# Activity
Your task is to restate word for word the lines in the material below, from the one with "Novelty Buddy Litter" up to and including the one with "D-KA-Shirt,Perlmuttk.k'blau L 052". Do not carry over the pictures.

# Data for the task
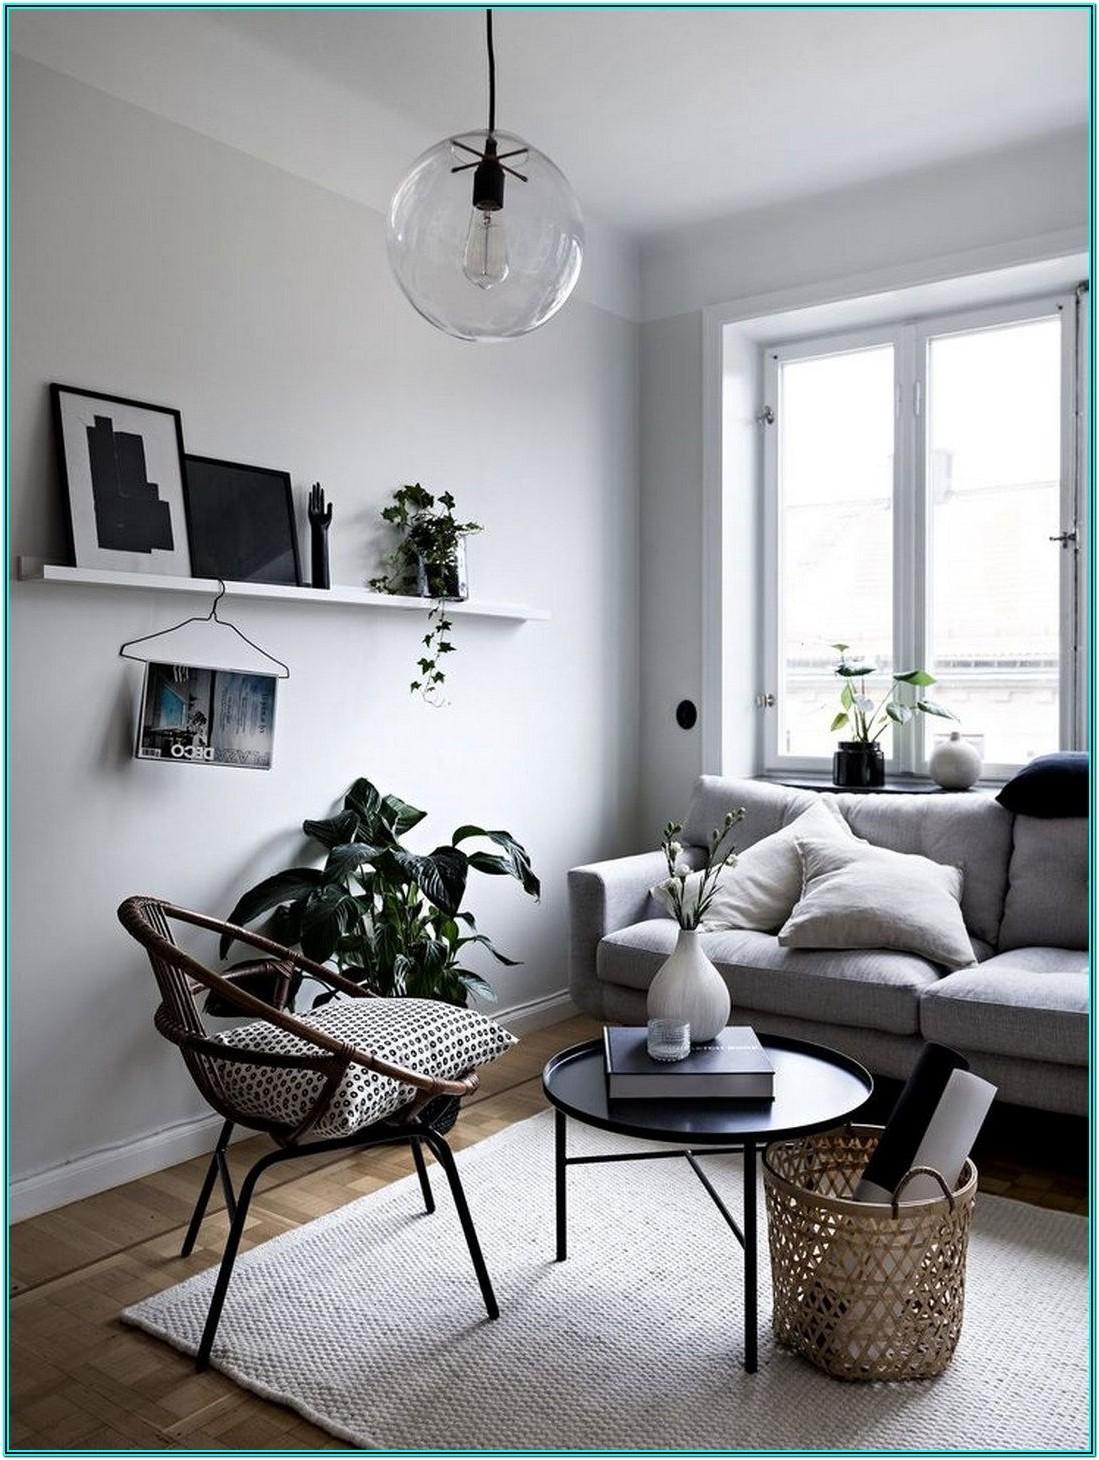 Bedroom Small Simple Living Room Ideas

* * *

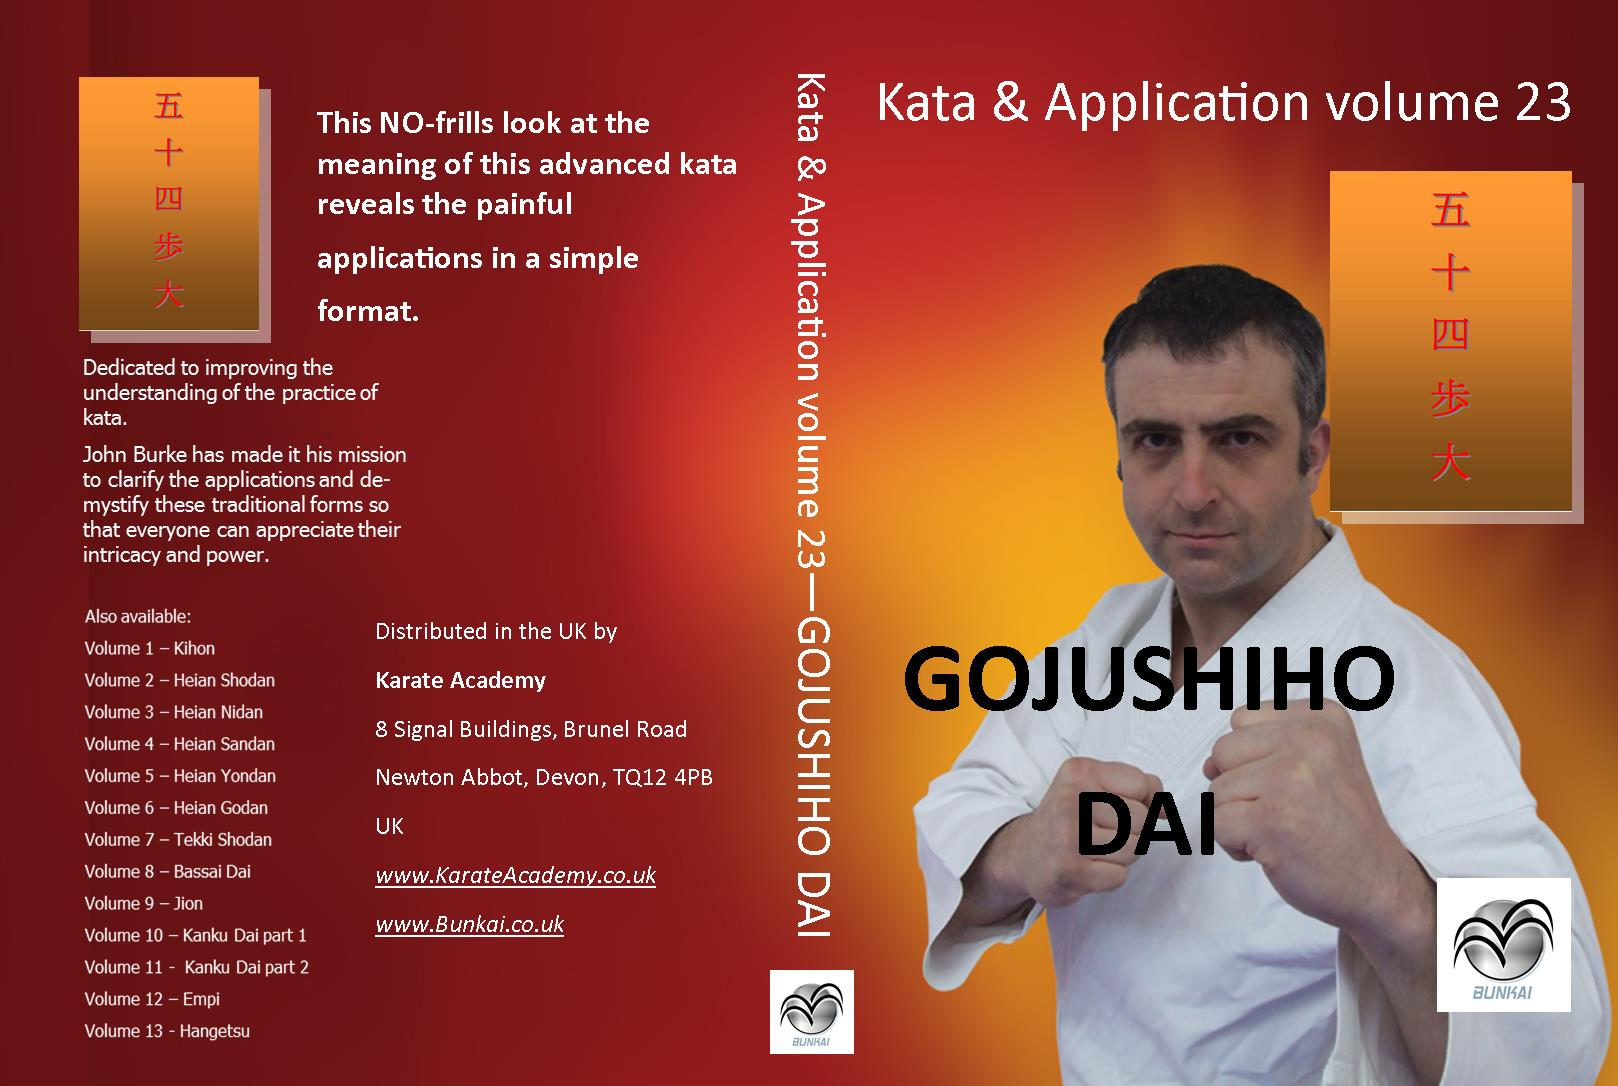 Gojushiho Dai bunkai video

==

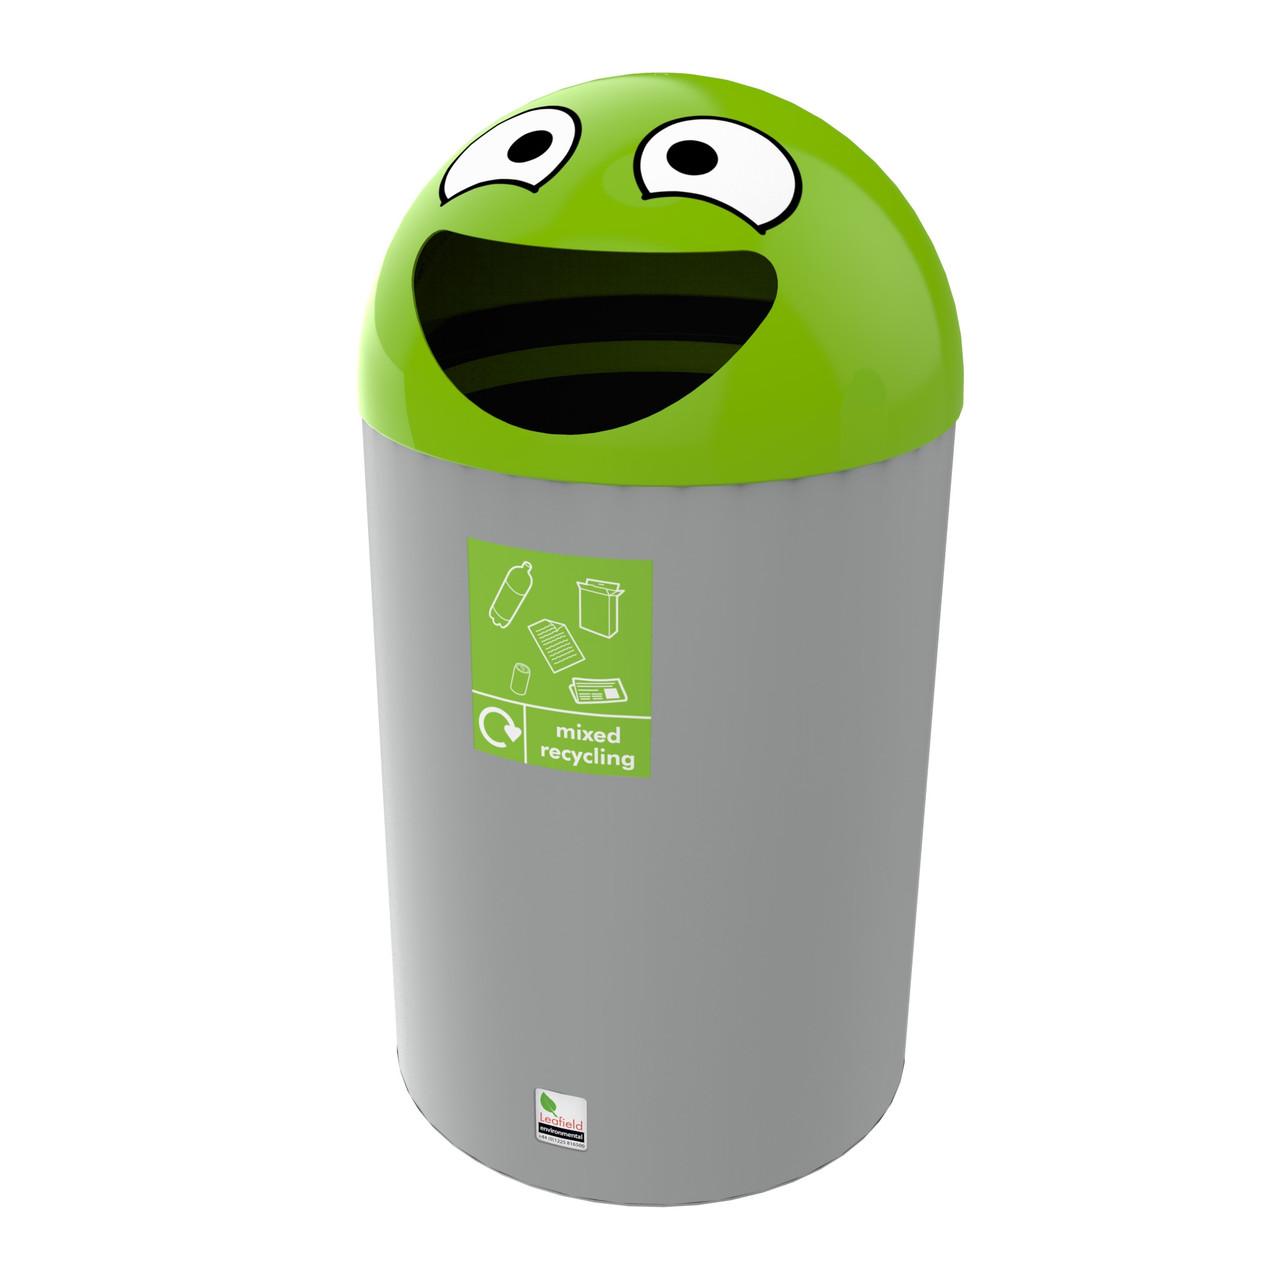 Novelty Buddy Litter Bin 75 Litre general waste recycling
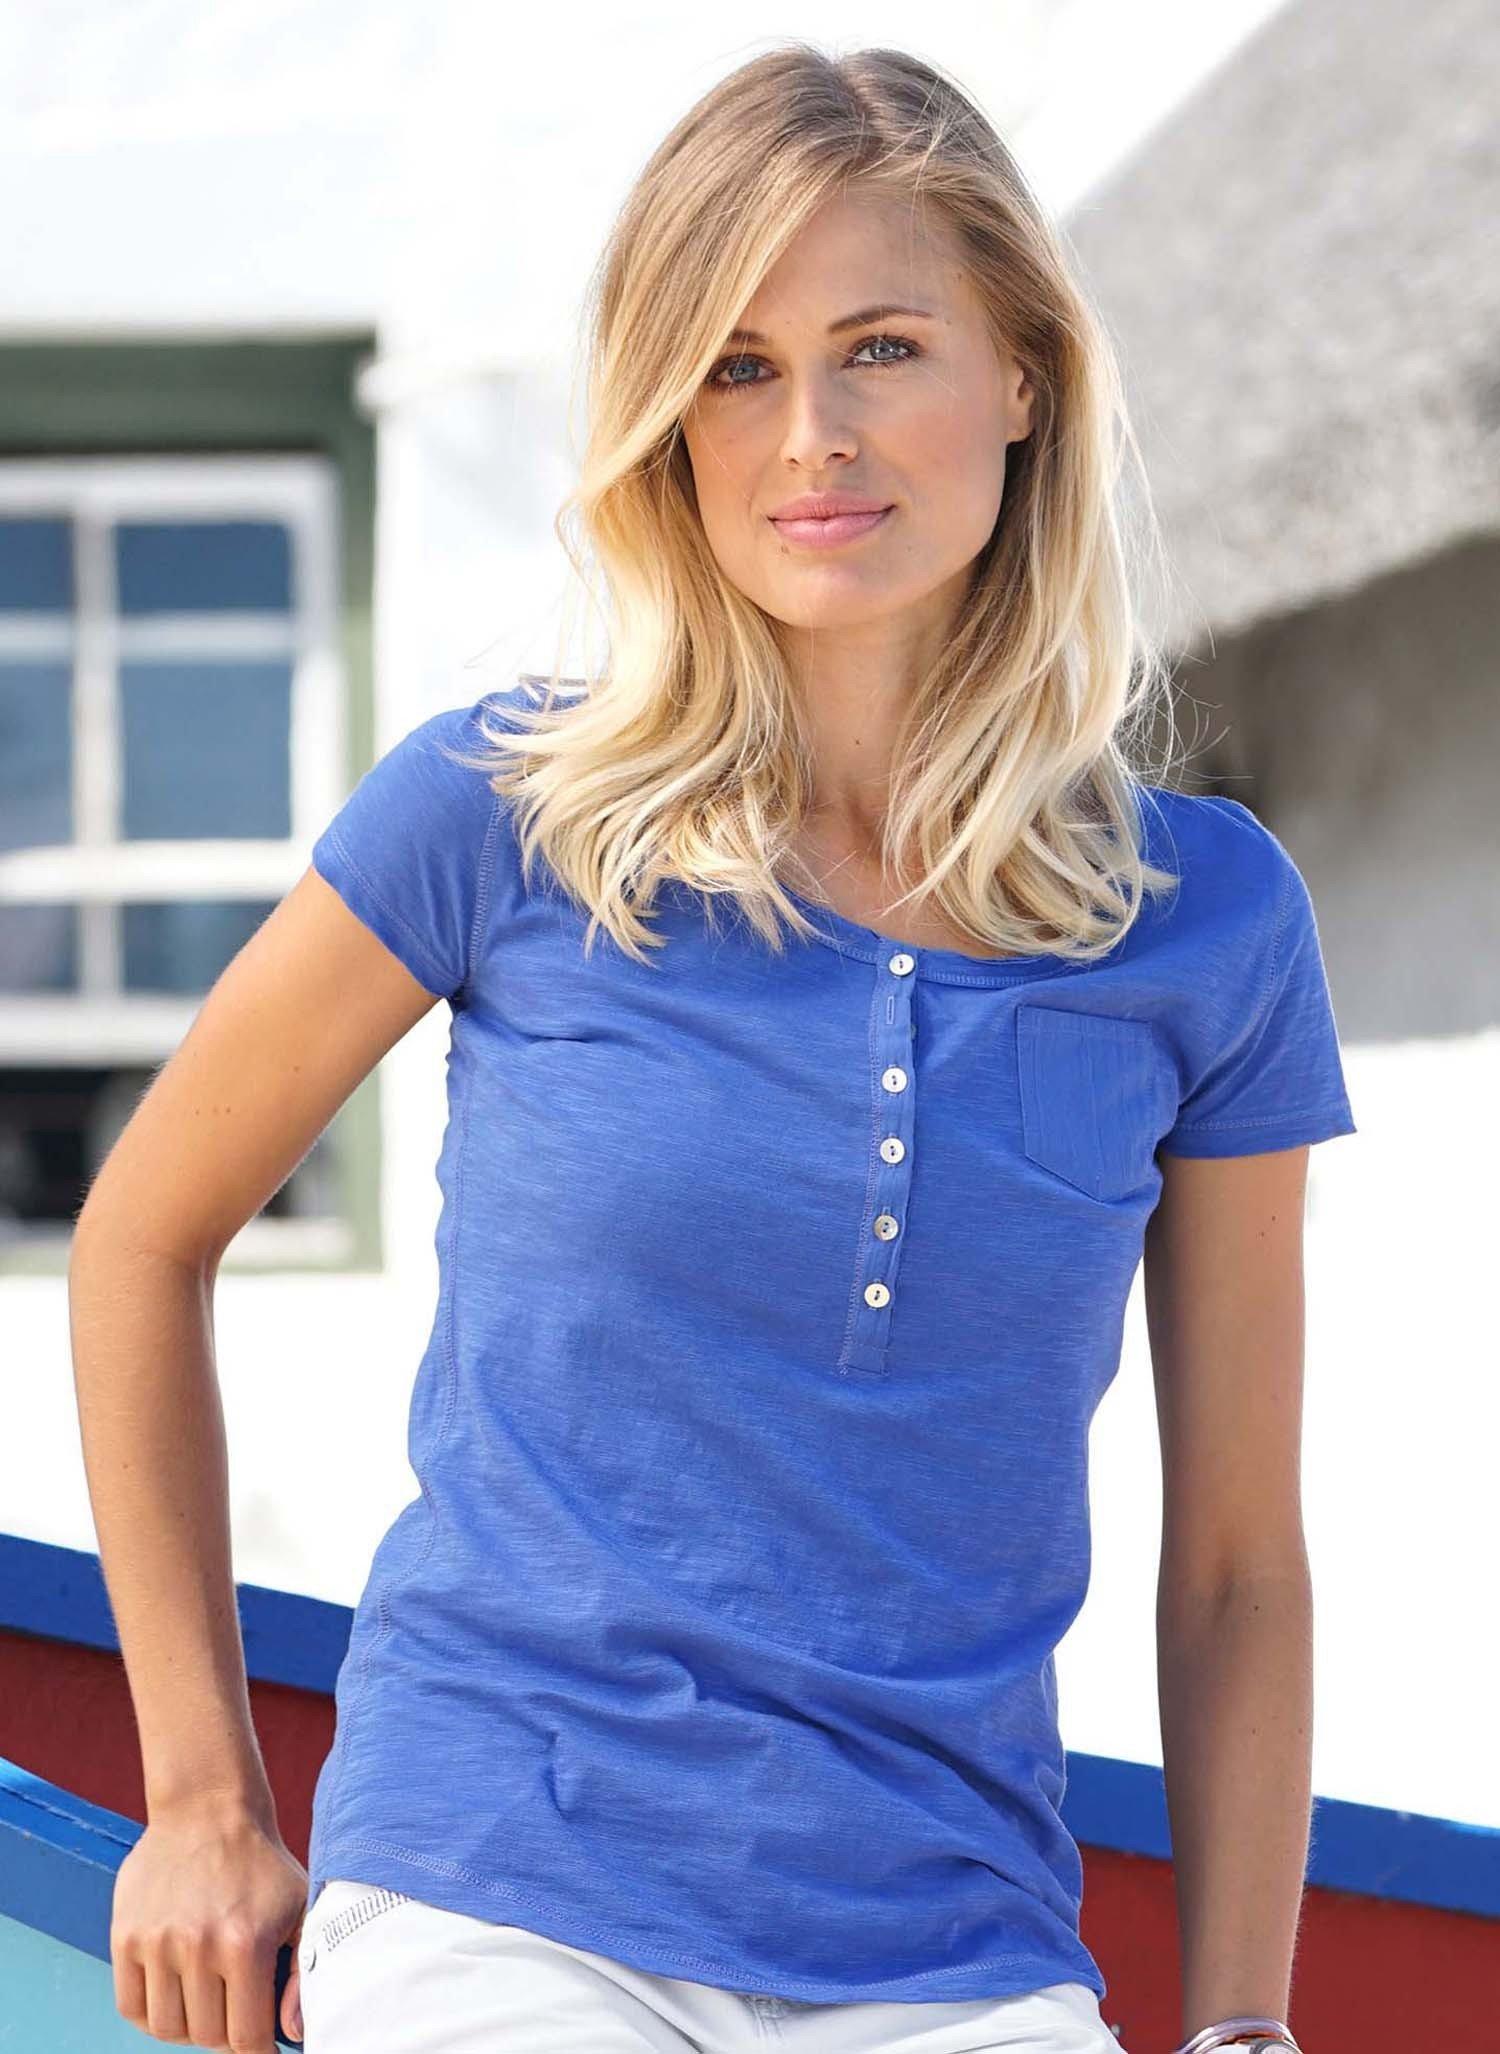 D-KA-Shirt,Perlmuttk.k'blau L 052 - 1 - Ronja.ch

# Problem solution
 Novelty Buddy Litter Bin 75 Litre general waste recycling
 D-KA-Shirt,Perlmuttk.k'blau L 052 - 1 - Ronja.ch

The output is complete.